The room is 23'x 13'. I can't overlay. The area where the ceiling meets the wall isn't just a square joint. It's curved. 











joecaption said:


> First thing that should have happened when it started leaking was punch a hole to drain the water asap.
> Second the insulation in that whole area needs to go asap before mold starts to grow.
> 
> That's some odd looking texture, I like to know how they even did it.


In hindsight there were a lot of things I would have done differently. I didn't know the roof was leaking in that spot until it was to late and the damage was done.




So any other ideas on how to fix this, keeping it somewhat cost effective? I'm already $4000 deep in repairs to the rest of the house.

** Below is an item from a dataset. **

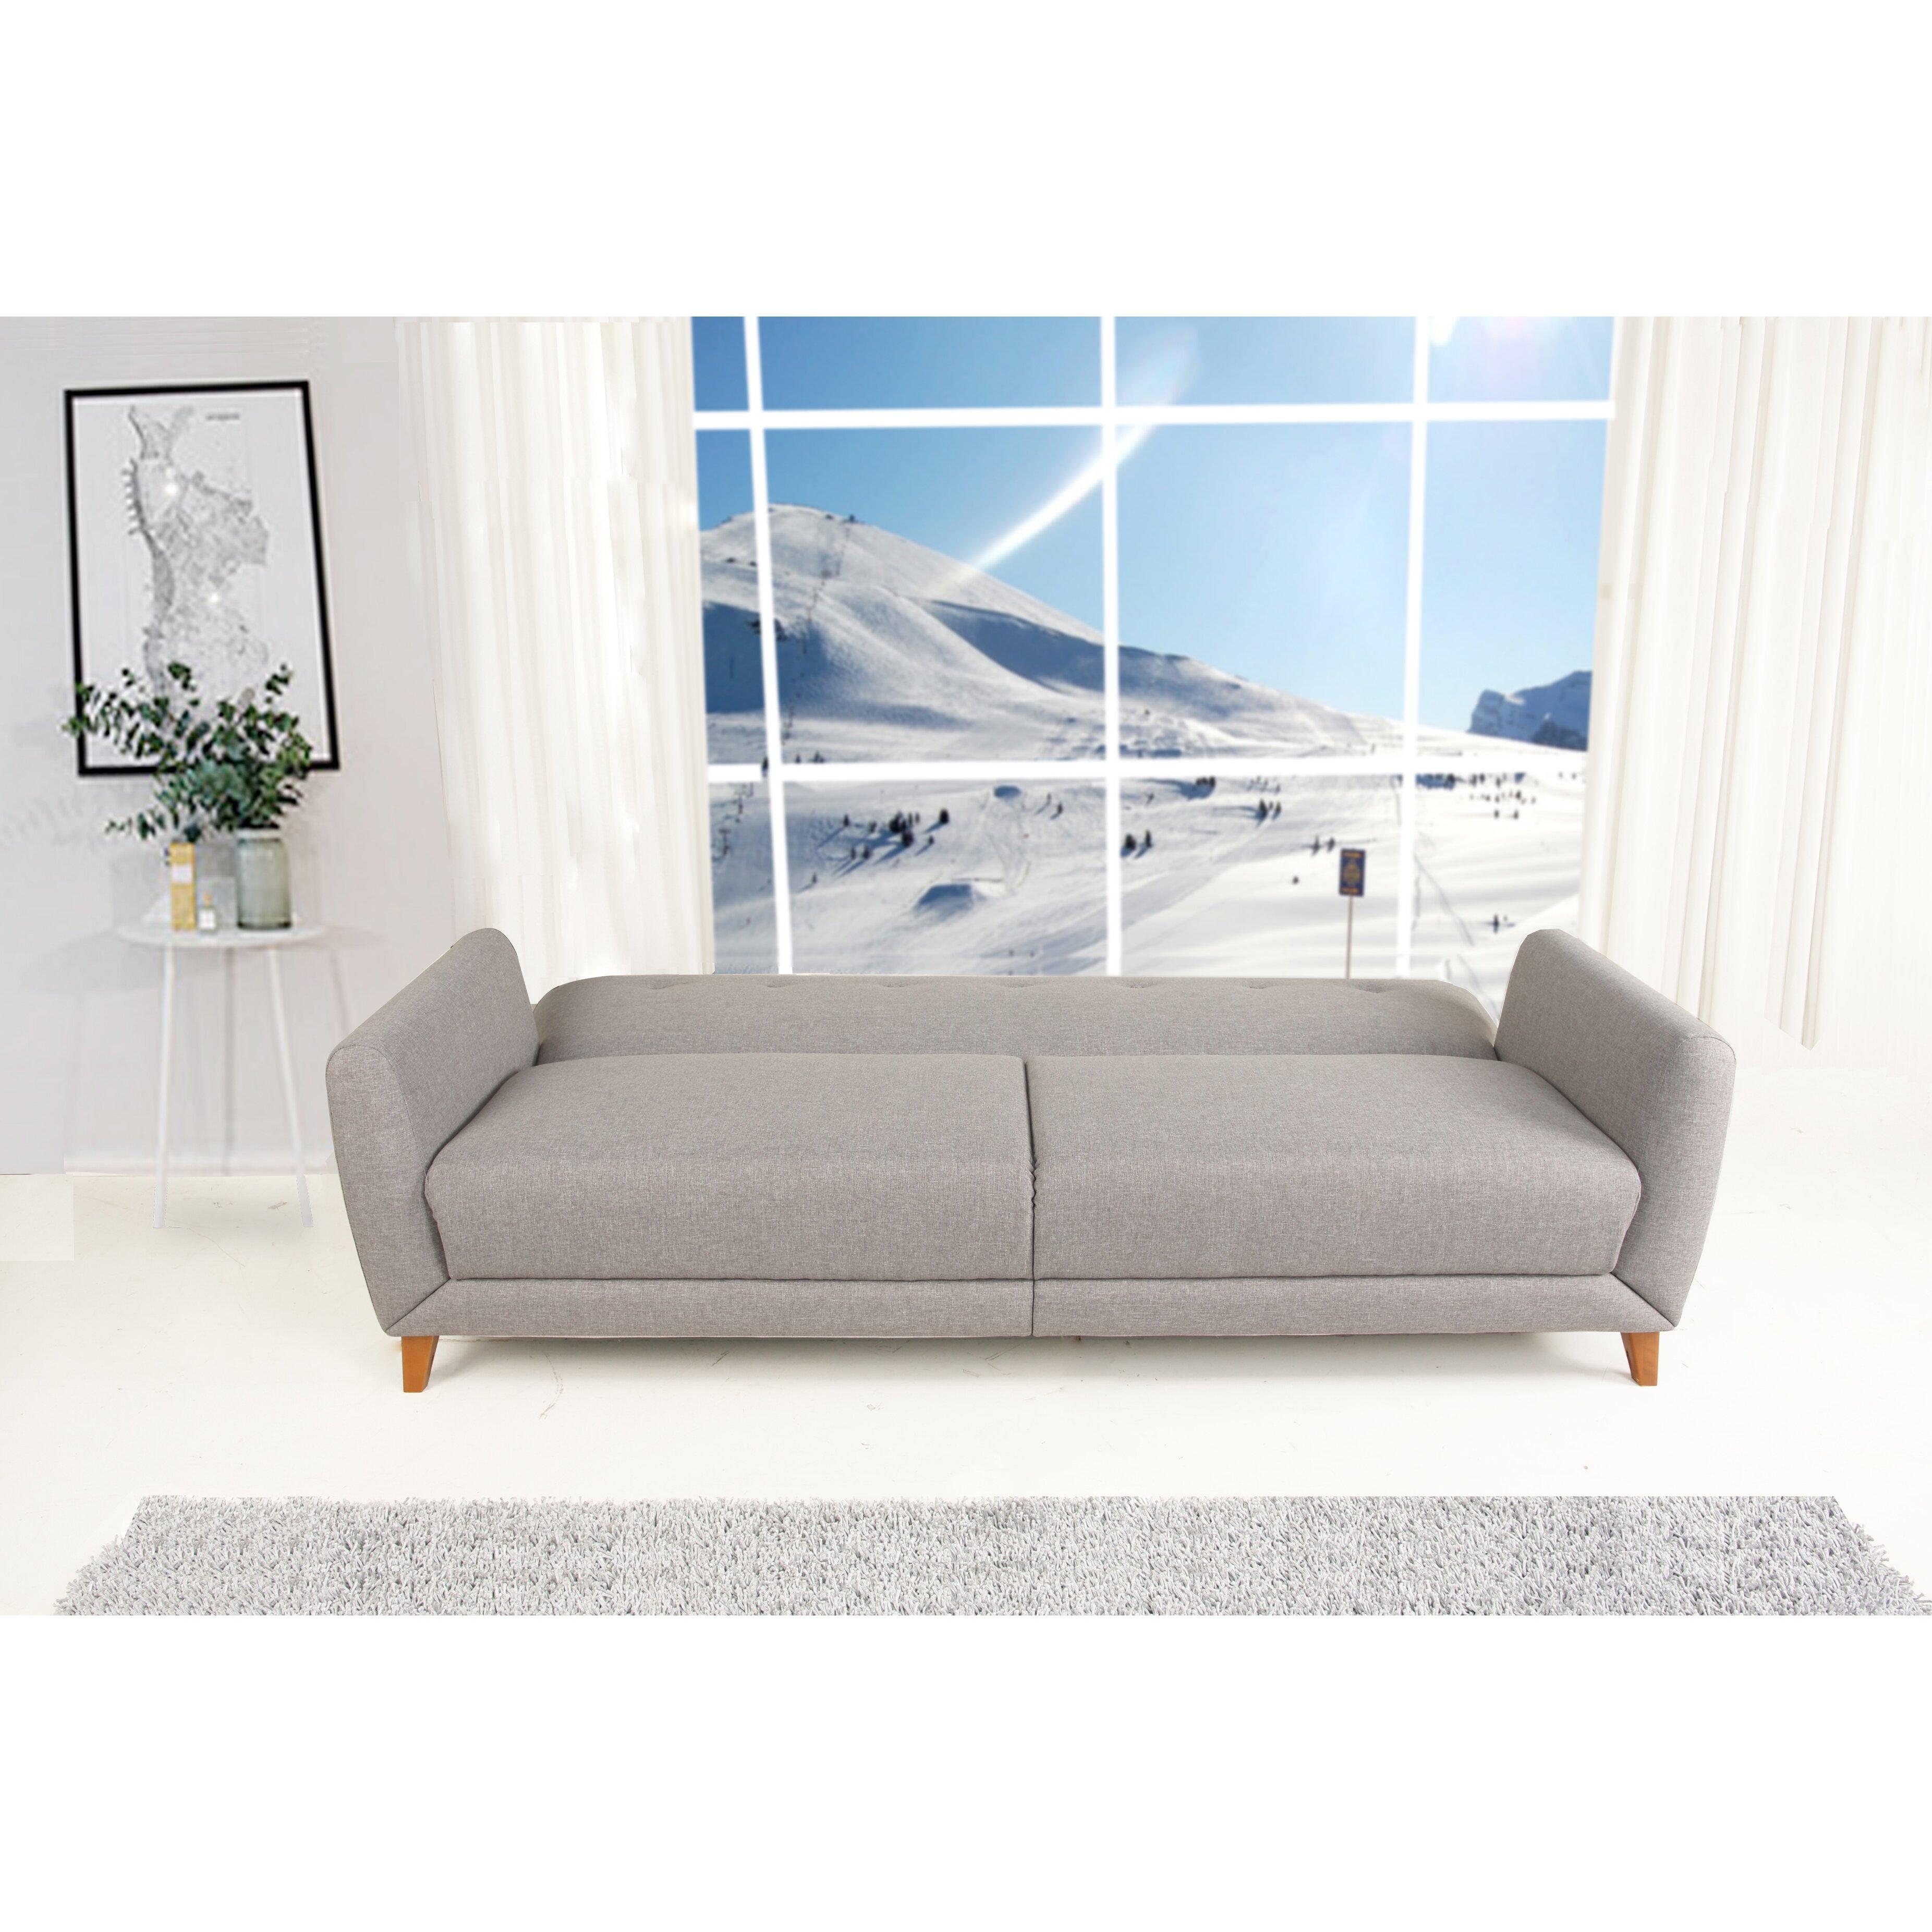 Designer Sofa Beds Sydney Refil Sofa

I've thought about cutting the whole ceiling down and just going smooth but really would like to avoid that if possible. It's a major job I don't have time for right now.


----------



## danpik (Sep 11, 2011)

joecaption said:


> That's some odd looking texture, I like to know how they even did it.


Drywall compound and a round stippling brush. We call it stomping or stomp texturing around here. We mix a 5 gal pail of joint compound with 1 gallon of flat white latex paint. Texture thickness can be varied depending on the look you want. Just did 2,000 sf about two weeks ago. customer wanted texture no more than 1/16". Should have taken pictures when I got it done. Came out real nice. Great workout for the shoulders too.


----------



## 5.0 (Feb 19, 2013)

danpik said:


> Drywall compound and a round stippling brush. We call it stomping or stomp texturing around here. We mix a 5 gal pail of joint compound with 1 gallon of flat white latex paint. Texture thickness can be varied depending on the look you want. Just did 2,000 sf about two weeks ago. customer wanted texture no more than 1/16". Should have taken pictures when I got it done. Came out real nice. Great workout for the shoulders too.


Think it's possible to duplicate to match the rest of the ceiling?


----------



## princelake (Feb 19, 2012)

i'd rip it down fix and redrywall. if you like the look of the curved corners they make a drywall crown moulding


----------



## chrisn (Dec 23, 2007)

5.0 said:


> Think it's possible to duplicate to match the rest of the ceiling?


no:no:


----------



## danpik (Sep 11, 2011)

5.0 said:


> Think it's possible to duplicate to match the rest of the ceiling?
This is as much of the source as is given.